FIG. 7 shows an example in which the measurement result transmitted from the orbit gauge is displayed on a portable information terminal such as a tablet equipped with a Blue Tooth receiver. The portable information terminal such as this tablet has dedicated data processing software built in, and the flatness error is calculated immediately from the level value. In the example of the screen, the level, gauge, and flatness results are numerically displayed for each measurement point, and the level value is displayed in a graph. The horizontal axis of the graph indicates the position in the longitudinal direction of the trajectory, and the vertical axis is an increase / decrease value with respect to the reference level. The state of level changes can be grasped visually and intuitively. By switching the screen display, it is possible to display the gauge, the level, the plane deviation, etc. independently, to display them in a superimposed manner, or to display them in comparison with the past normal values.
In addition, abnormal values are displayed in red on the display screen, and abnormal sections are displayed in red on the graph. Furthermore, although it has been adopted in the prior art, when an abnormal value is detected, an alarm is also issued by voice.

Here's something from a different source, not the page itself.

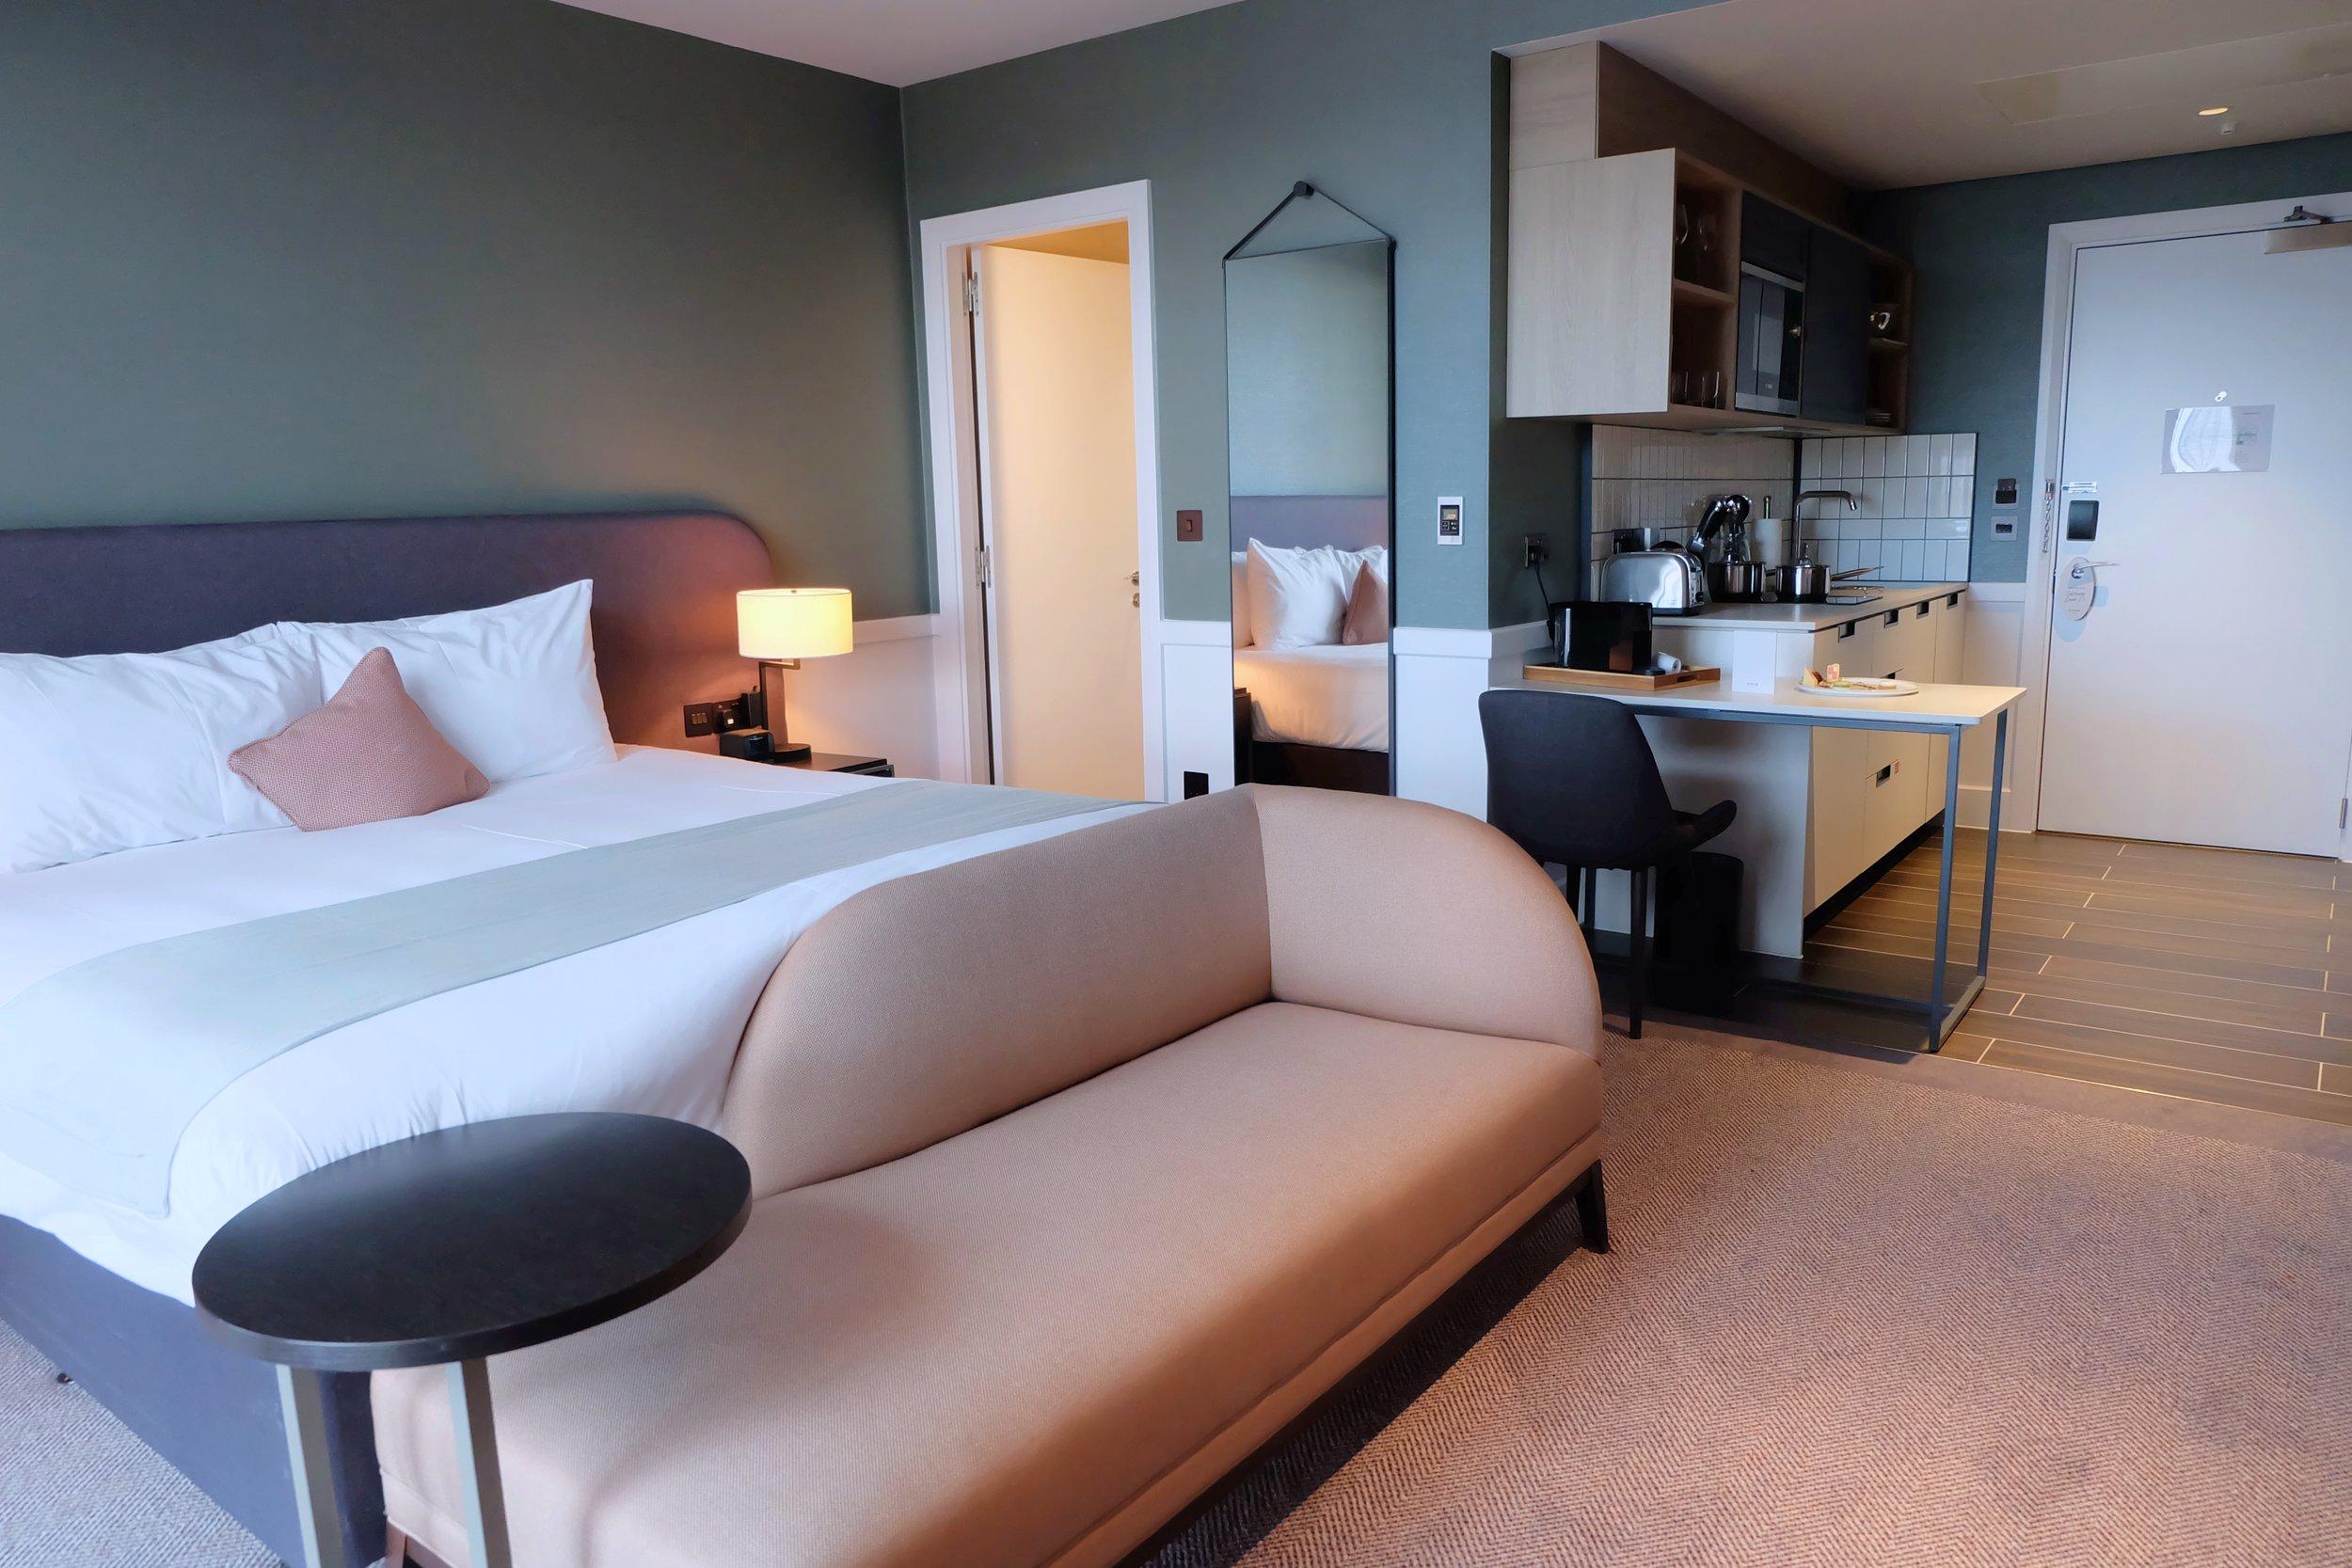 Staybridge Suites hotel room

DESCRIPTION OF SYMBOLS 100 Measuring part panel case 101 Main part of measuring machine 102 Fixed claw 103 for gauge measurement Working claw 104A for gauge measurement Contact surface 104B Track contact surface 105 Level deviation detecting inclination sensor 106 Gauge deviation back gauge detector 107 Moving claw 103 slide Bracket 108 Moving claw 103 and back gauge detector 106 connecting rod 109 Gauge error measurement and back gauge measurement changeover switch 111 Gauge error back gauge indicator 112 Level error indicator 113 External indicator connector

Claims (5)

An orbit measurement analyzer comprising an orbit gauge, and a portable information terminal that can transmit and receive data wirelessly with the orbit gauge, store and analyze measurement data of the orbit gauge, and display the analysis result as an image. The trajectory measurement analysis apparatus according to claim 1, further comprising a portable information terminal device that displays trajectory measurement data as an image that continuously changes along the trajectory and that can be compared and displayed on the same screen as past measurement data. The trajectory measurement analysis apparatus according to claim 1, wherein data transmission / reception between the trajectory gauge and the portable information terminal device can be wirelessly communicated by Blue Tooth (International Standard IEEE 802.15.1). 2. The track measurement and analysis apparatus according to claim 1, wherein the measurement data measured by the track gauge, wirelessly communicated to the portable information terminal and displayed by analysis is the track gauge, level, surface property, and back gauge. The trajectory measurement analysis apparatus according to claim 1, wherein when the measurement value of the orbit gauge deviates from the management standard, a warning sound is emitted and an image of the portable information terminal device is displayed in a warning color.